[Start of section]

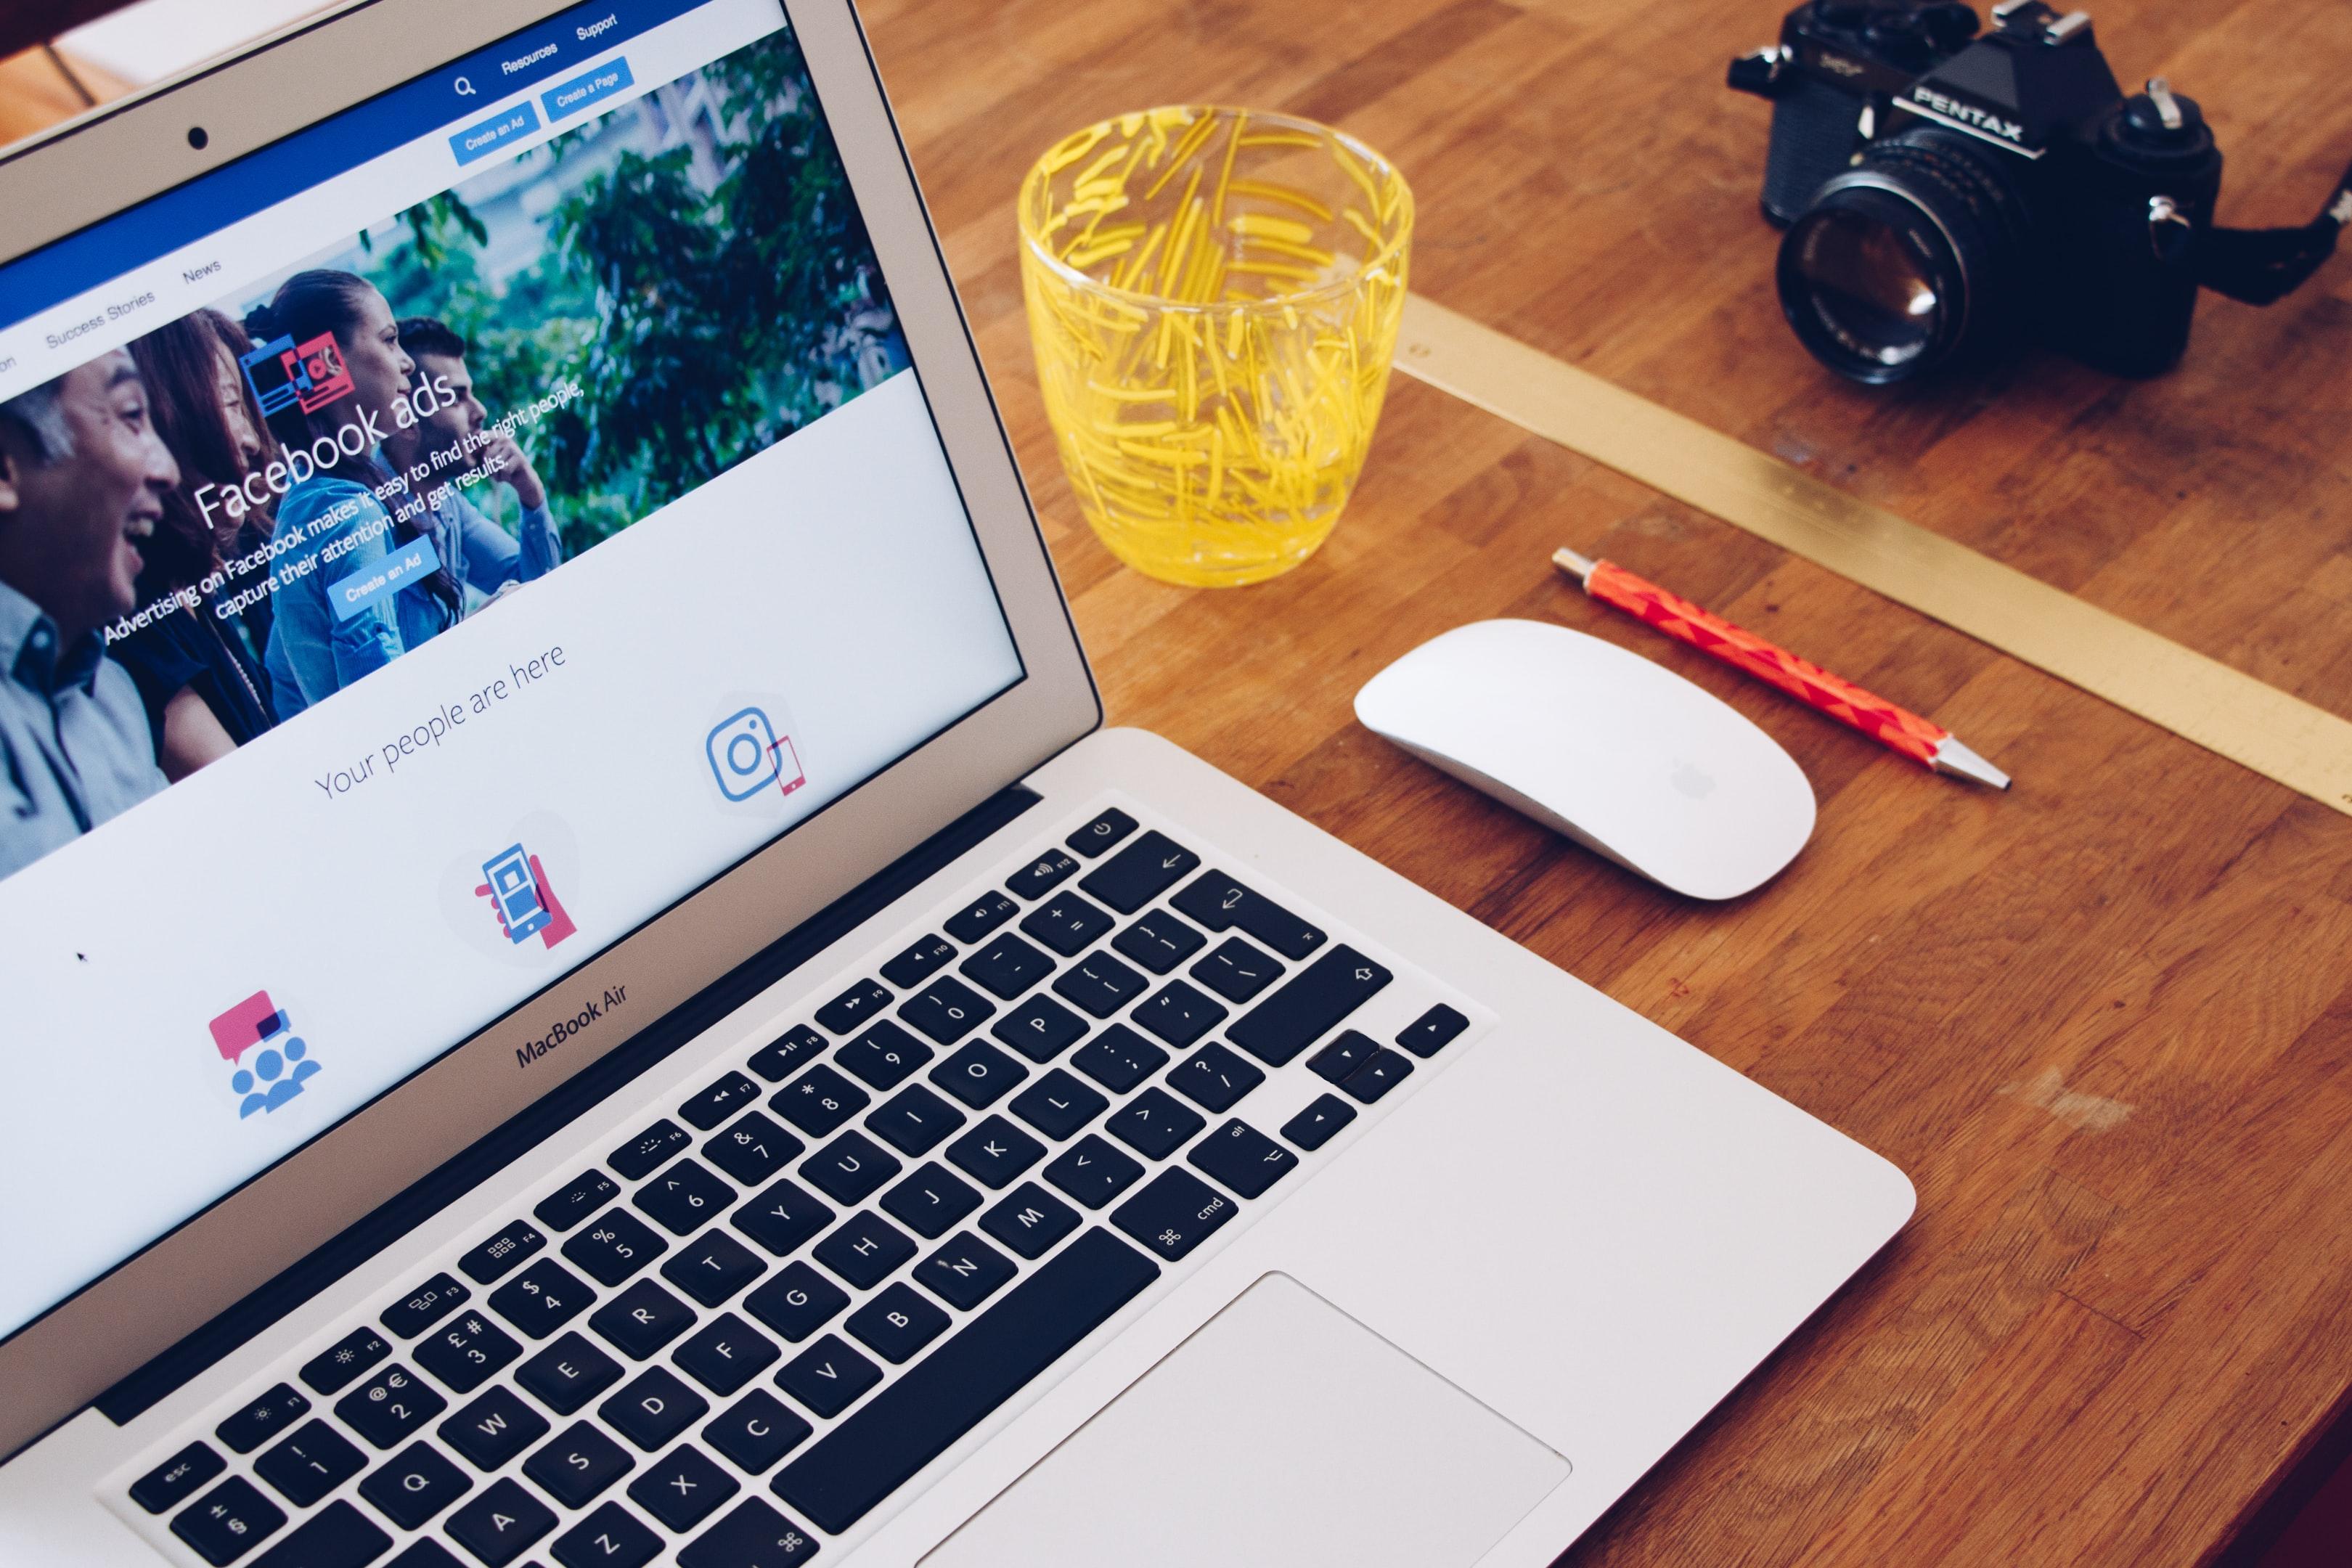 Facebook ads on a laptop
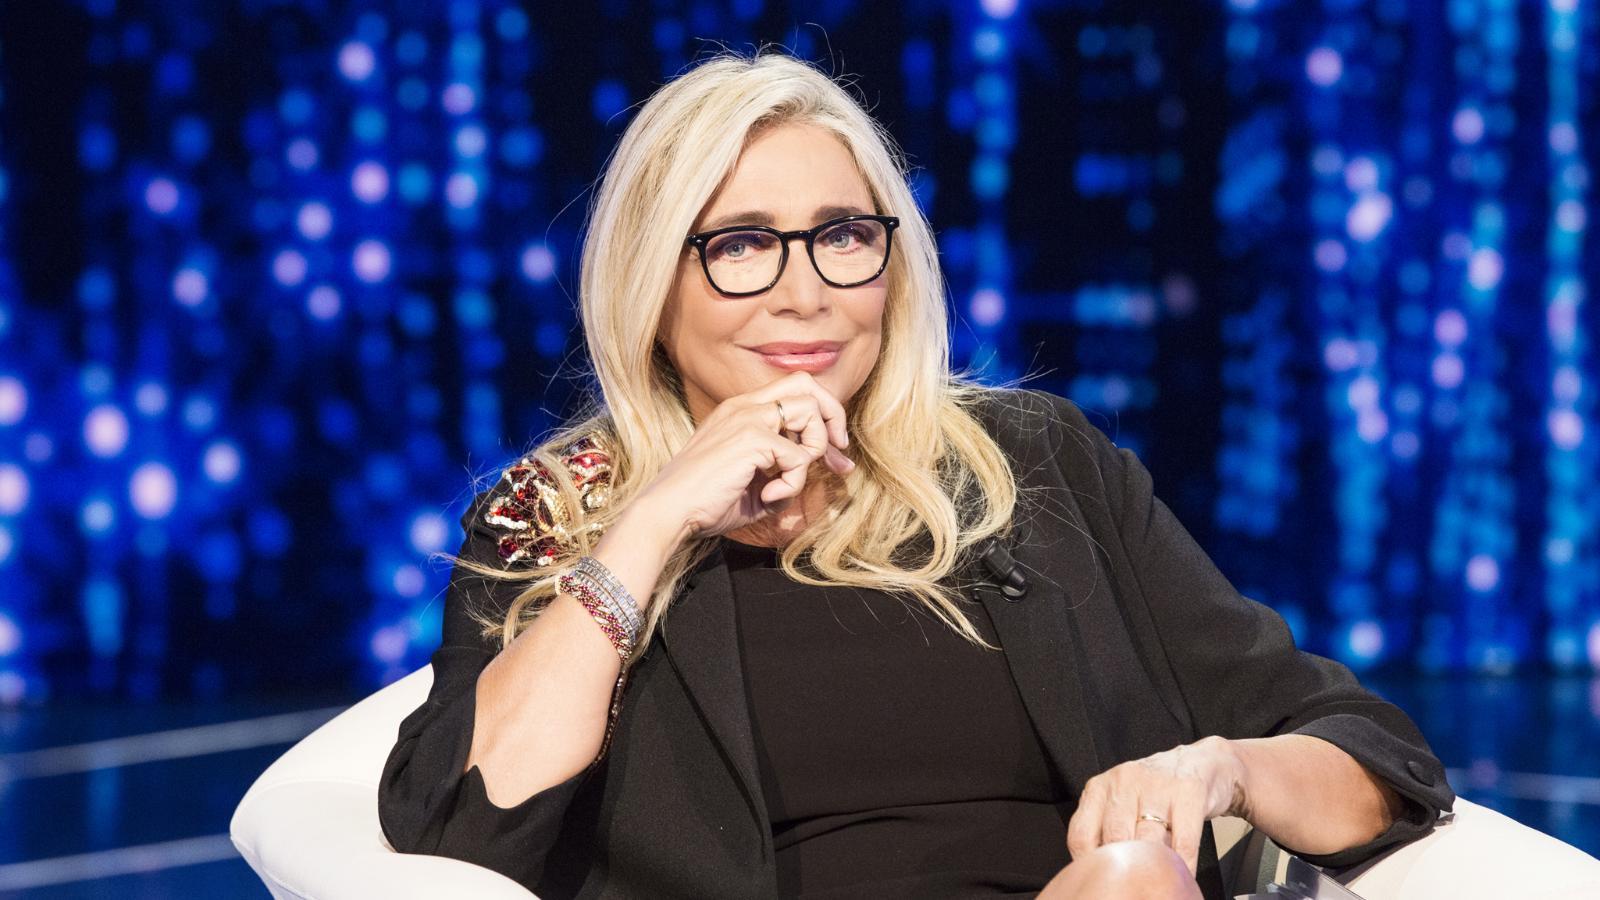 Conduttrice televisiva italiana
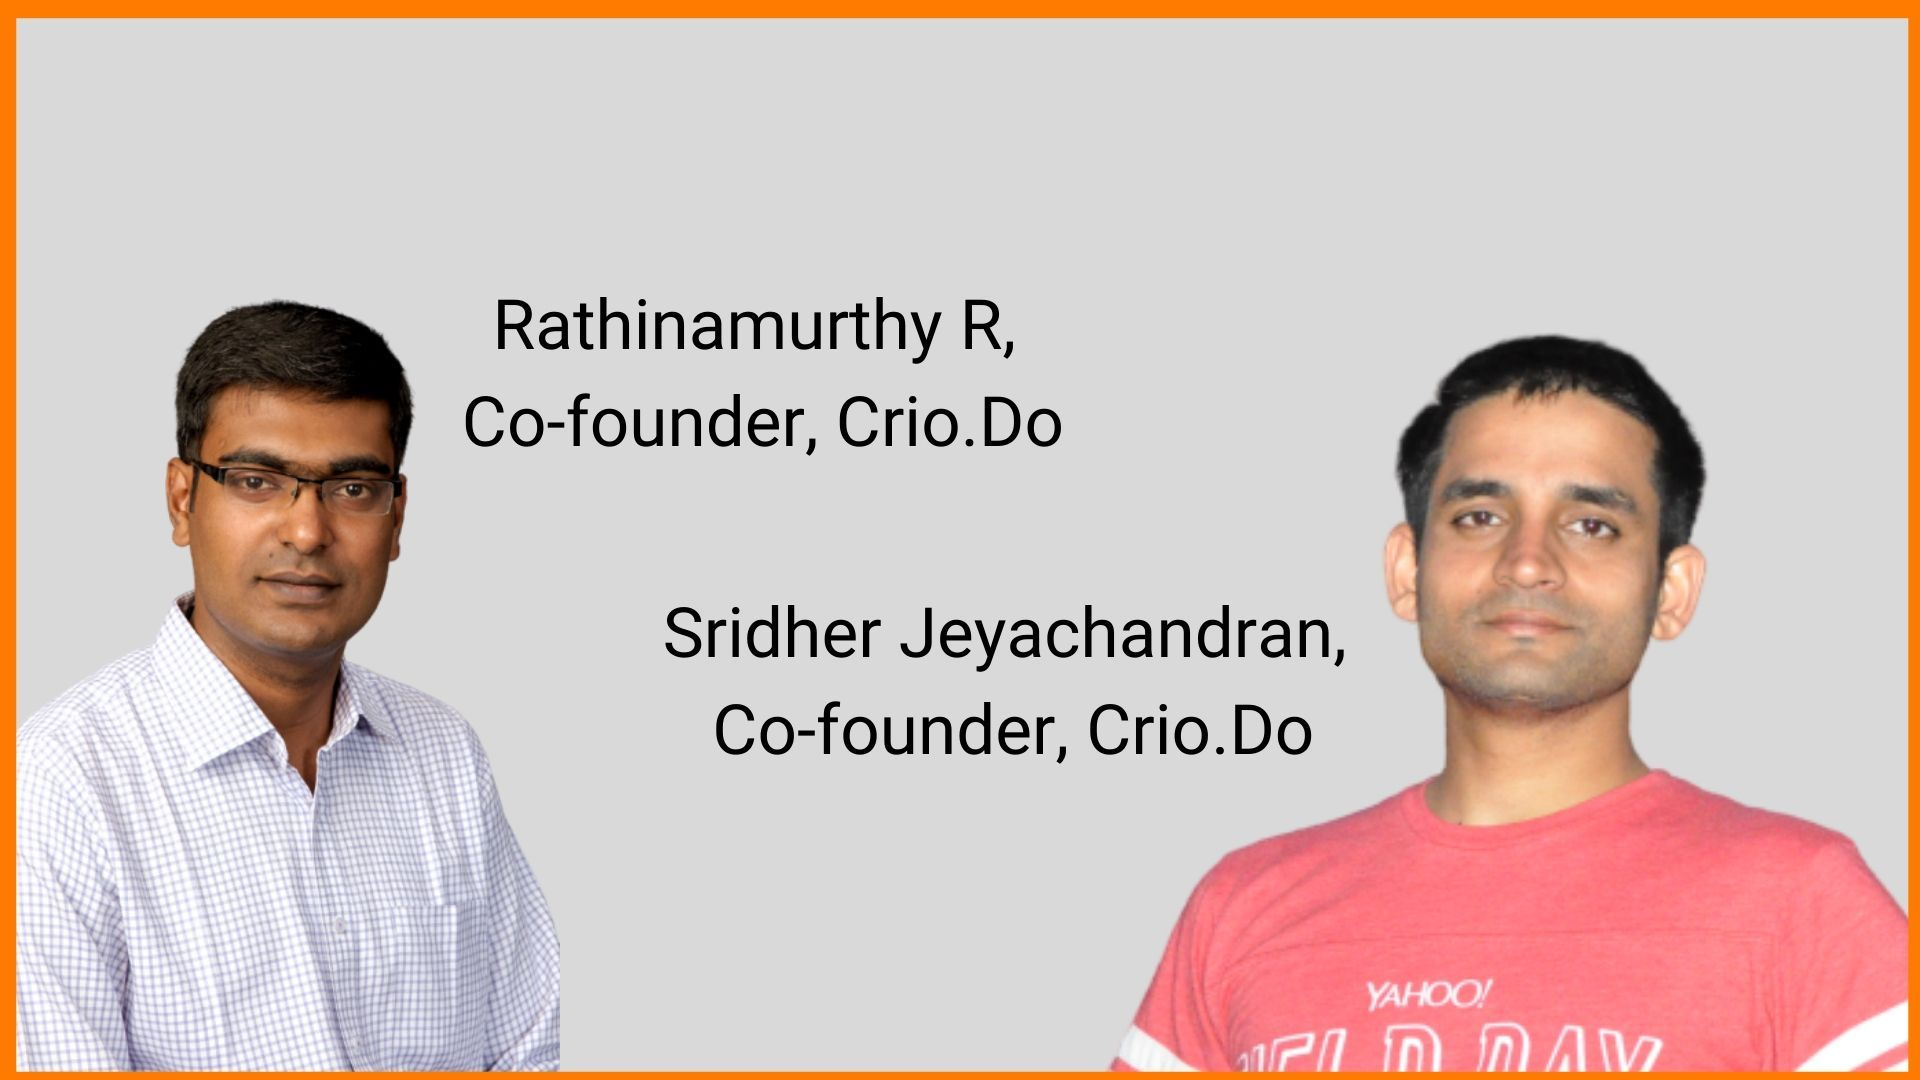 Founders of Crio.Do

[End of section]

■ Work to be completed
Each line from the one holding "Conduttrice televisiva italiana" through the final line of the data needs to be transcribed exactly. Include both ends, skip the pictures, and add nothing.

■ Written answer
 Conduttrice televisiva italiana
 Founders of Crio.Do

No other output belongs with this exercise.